I know it looks doubtful, maybe sounds a bit odd, but I hatched out one that looked remarkably similar earlier on in the year - and I was definitely going to hold it back to work with as it displayed such a `harlequin` colour. Anyhow, it ended up changing colour completely - with more and more tang/orange coming through as the weeks went by - so that it ended up as `just` a really pretty leo.

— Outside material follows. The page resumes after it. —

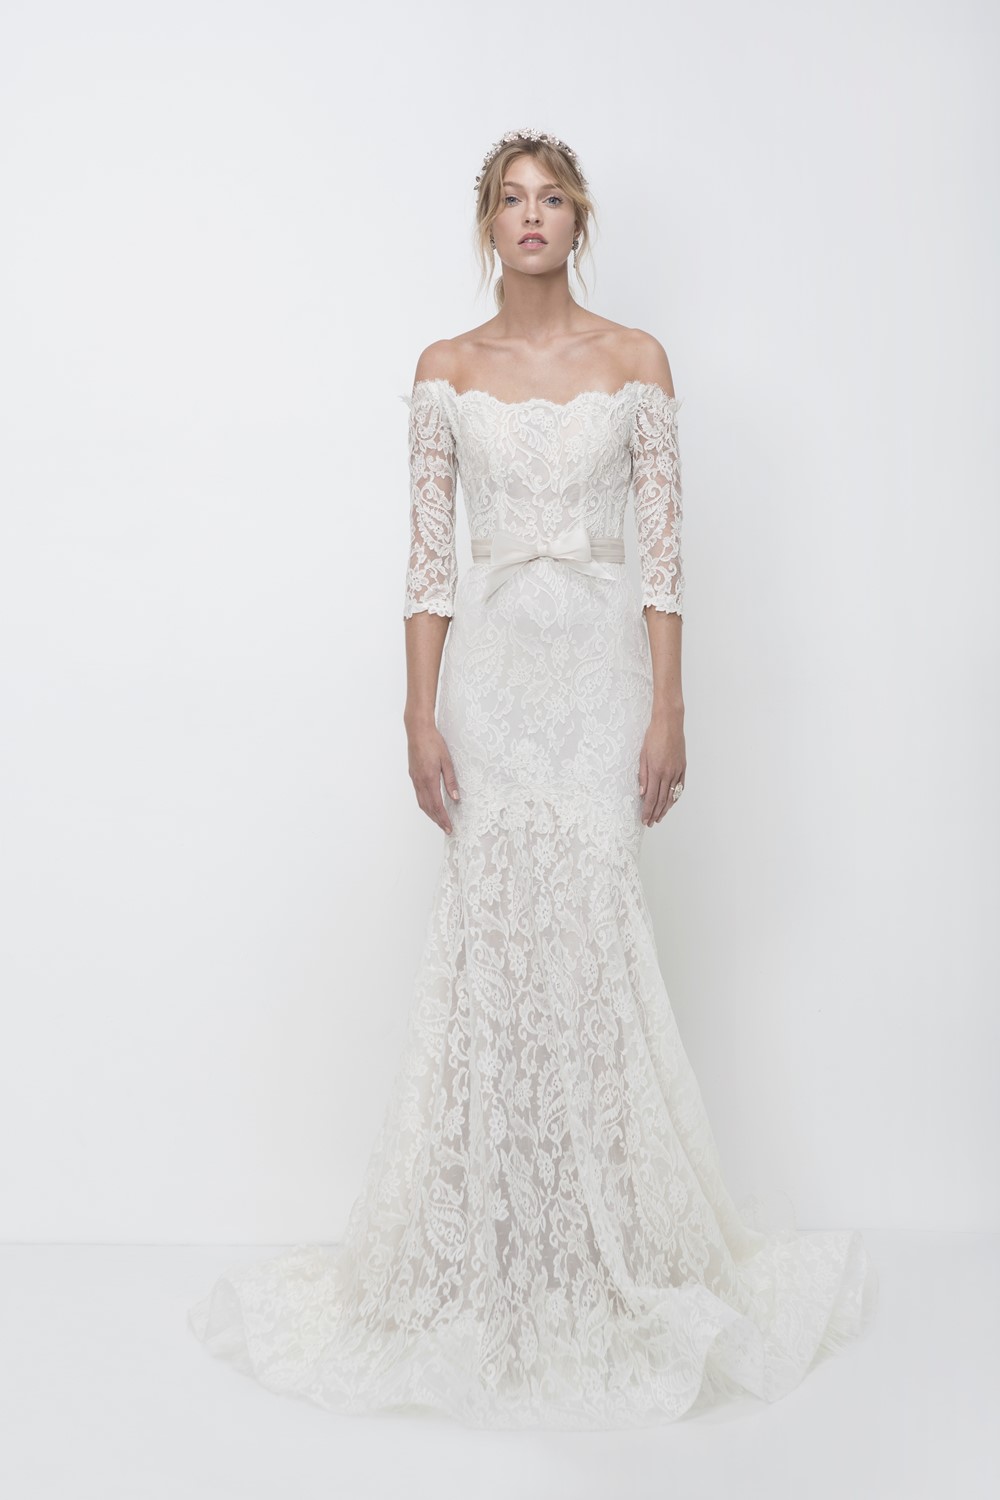 Vanessa Wedding Dress from Lihi Hod's 2018 Bridal Collection

That was the end of my brand new, linebred `Harlequin` morph project - in 3 weeks haha!!!!

Obv, all that`s based on the leo I hatched - that one could end up totally different!!!


----------



## funky1 (Jun 18, 2008)

Pretty amazed at how similar they look tbh.

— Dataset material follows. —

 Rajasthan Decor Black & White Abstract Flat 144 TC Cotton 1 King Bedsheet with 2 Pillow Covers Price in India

So that`s the end of my brand new, 1 in a million, ultra unique Harlequin project then haha!!! :whip:


----------



## pigglywiggly (Jul 19, 2008)

looks like a snow to me,
a few of my babies have that loverly lavender colouring to them


----------



## Morphene (Jun 28, 2008)

Demon9374 said:


> I think this question has been asked before.. :lol2:


:Na_Na_Na_Na:



funky1 said:


> That my friend is a beautiful `Normal`/Jungle leo with probably some Raptor/Stripe influence somewhere along the line in it`s ancestory. Possibly going to develop - and I`ve not been drinking - so that it turns into wonderful Tangerine, or deep High Yellow.
> I know it looks doubtful, maybe sounds a bit odd, but I hatched out one that looked remarkably similar earlier on in the year - and I was definitely going to hold it back to work with as it displayed such a `harlequin` colour. Anyhow, it ended up changing colour completely - with more and more tang/orange coming through as the weeks went by - so that it ended up as `just` a really pretty leo. That was the end of my brand new, linebred `Harlequin` morph project - in 3 weeks haha!!!!
> 
> Obv, all that`s based on the leo I hatched - that one could end up totally different!!!





funky1 said:


> Pretty amazed at how similar they look tbh.
> 
> image
> 
> ...


I'll have to keep an eye on it then & see how it changes over time. I was thinking maybe 'snow' but it just looked odd so I really wasn't sure, but at least now it's been narrowed down to either snow or some kind of RAPTOR/stripe influence. :thumb:



pigglywiggly said:


> looks like a snow to me,
> a few of my babies have that loverly lavender colouring to them


It is a lovely looking leo which why we kept it back, just to see how the colour & pattern might develop.


----------



## funky1 (Jun 18, 2008)

Greedy-Gecho7 said:


> I'll have to keep an eye on it then & see how it changes over time. I was thinking maybe 'snow' but it just looked odd so I really wasn't sure, but at least now it's been narrowed down to either snow or some kind of RAPTOR/stripe influence. :thumb:
> 
> It is a lovely looking leo which why we kept it back, just to see how the colour & pattern might develop.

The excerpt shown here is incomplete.